Commercial liquid chromatography is routinely used as a separation technique in bottom-up proteomics.1–8 Very long gradient elution separations often produce extraordinary peak capacity and resolving power.9 In two notable examples, Zhou et al. recently developed an automated 3-D (RP-SAX-RP) LC-MS/MS platform and identified over 4000 unique proteins from 5 μg of total yeast lysate in a single 200 hour acquisition.10 Thakur et al. reported a 50 cm column (i.d. 75 μm) packed with 1.8 μm C18 beads and identified 5000 proteins in a triplicate 8 hour gradients.11
Despite the impressive performance of liquid chromatographic separation for proteomic analysis, it is desirable to employ a complementary separation method that does not rely on reversed phase separation. Capillary electrophoresis (CE) provides an intriguing alternative. Capillary zone electrophoresis (CZE), the simplest CE mode, separates analyte by their charge-to-size ratio in buffers under a high electrical field. CZE-MS was first reported by Smith et al. in 1987,12 and has received attention for MS-based proteomics.
Most examples consider the analysis of standard peptides or the tryptic digest of a few standard proteins, and relatively few describe the use of CZE for the analysis of complex proteomic samples. Lindner et al. recently reported a sheathless CZE-ESI-MS system and compared it to UPLC-ESI-MS by analyzing a rat testis linker histone protein sample digested by endoproteinase Arg-C.13 The total analysis time of CZE-ESI-MS was shorter than nano-HPLC-ESI-MS and identified more low molecular mass peptides.
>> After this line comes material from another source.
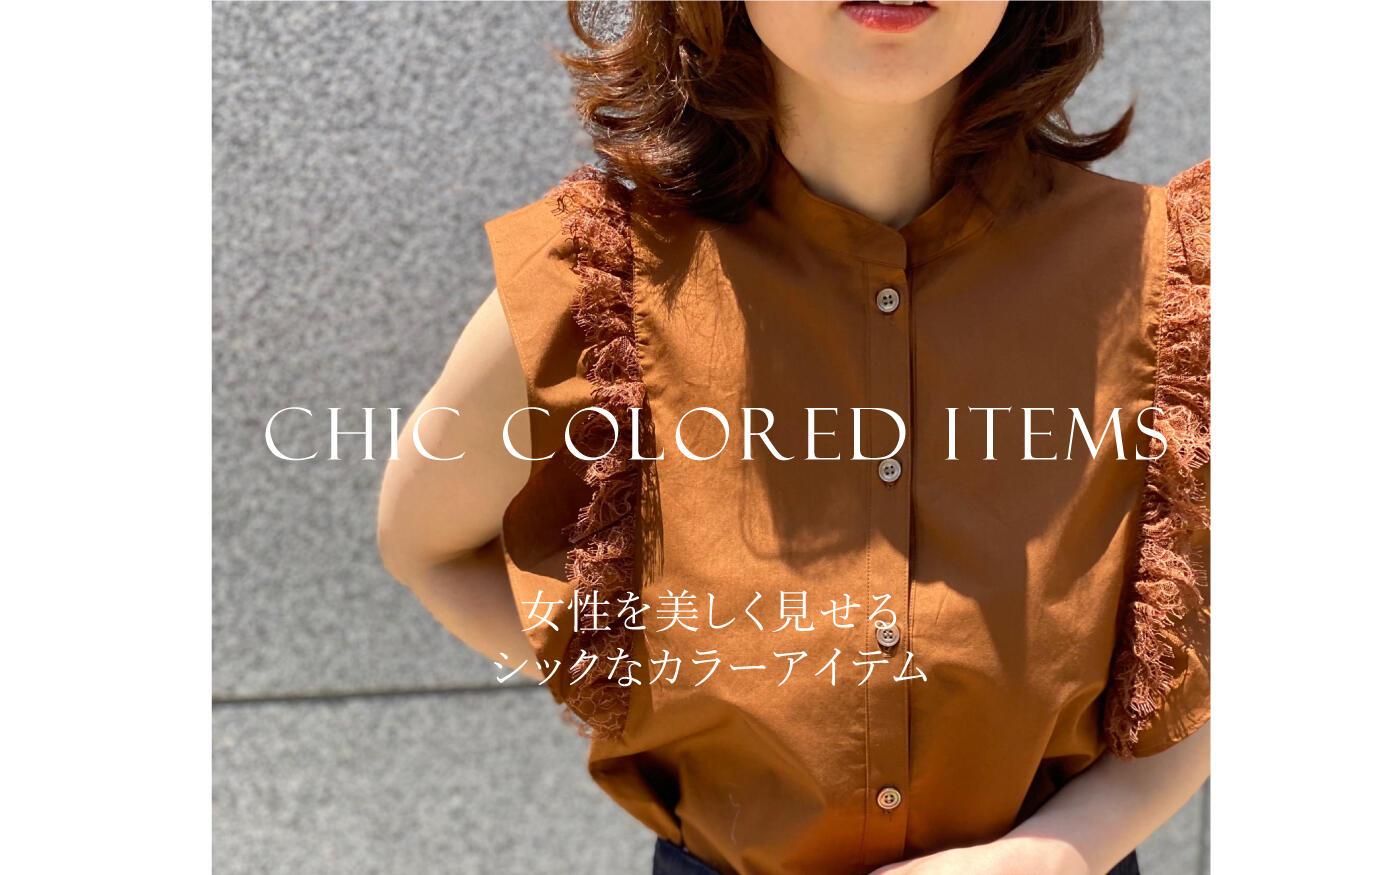 Summer chic colored items ー女性を美しく見せる夏のシックカラーアイテムー

Eight non-histone H1 proteins were identified from the sample by capillary electrophoresis, whereas 23 proteins were identified by LC using a 10X larger sample loading.
Yates employed a solid-phase microextraction technique to prefractionate the yeast ribosome digest followed by CE-MS analysis.14 Eleven fractions were analyzed with 30-minute long CE separations. A total of 66 proteins were identified in the 5.5 hour long mass-spectrometry analysis time.
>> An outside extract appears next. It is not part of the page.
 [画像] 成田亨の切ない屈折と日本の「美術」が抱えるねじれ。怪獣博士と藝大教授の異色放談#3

CZE provides two primary advantages compared to HPLC. First, the separation mechanism is complementary to reversed phase liquid chromatography, which will be of particular value in the analysis of basic peptides. Second, it provides a much faster and higher efficiency separation than conventional HPLC; when operated at high voltages, separation windows of 10 minutes or less and plate counts of 100,000 or more are routine.
However, CZE suffers from two primary disadvantages compared to HPLC. First, the fast separation and high efficiency place severe constraints on the data acquisition rate of the mass spectrometer. For example, a mass spectrometer operating at 10 Hz is only able to acquire 6,000 tandem mass spectra in a ten-minute separation window. Samples of high complexity cannot be analyzed in great depth in a single separation. Second, the loading capacity of CZE is one to three orders of magnitude lower than HPLC, which places severe demands on mass spectrometer sensitivity.
In this paper, we consider a strategy that both accommodates the limitations and takes advantage of the strengths of CZE for the analysis of the tryptic digest of a sample of intermediate complexity. Like Yates’ approach, the sample is pre-fractionated,14 in this case using reversed phase liquid chromatography. Unlike Yates’ approach, each fraction is subjected to a rapid CZE-ESI-MS/MS analysis. The total separation time is equal to that produced by three replicate UPLC-MS/MS analyses of the mixture, and the number of protein identifications is similar for the two separation methods. Importantly, the overlap in protein identifications for the two methods is relatively low; the complementary separation methods explore different portions of the proteome. CZE-MS/MS tends to favor detection of basic and low molecular weight peptides compared to UPLC-MS/MS.
All reagents were purchased from Sigma Aldrich, unless stated. Formic acid, acetic acid, and trifluoroacetic acid were purchased from Fisher Scientific. Sequencing grade modified porcine trypsin was purchased from Promega. Water was purchased from Honeywell Burdick & Jackson. Fused capillaries were purchased from Polymicro Technologies. ZipTipC18 were purchased from Millipore Co.
The culturing of M. marinum and generation of short-term culture filtrates are described elsewhere.15 A secreted protein fraction containing approximately 260 μg of protein, as determined by BCA assay, was purified by ice-cold acetone precipitation and resuspended in 110 μL of 10 mM, pH 8.2 ammonium bicarbonate buffer, reduced at 95 °C for 5 minutes with 2 mM dithiothreitol. Iodoacetamide was added to a final concentration of 6 mM, and alkylation was performed at room temperature for 20 minutes in the dark. 4 μg of trypsin was added and digestion was performed for 6 hours at 37 °C.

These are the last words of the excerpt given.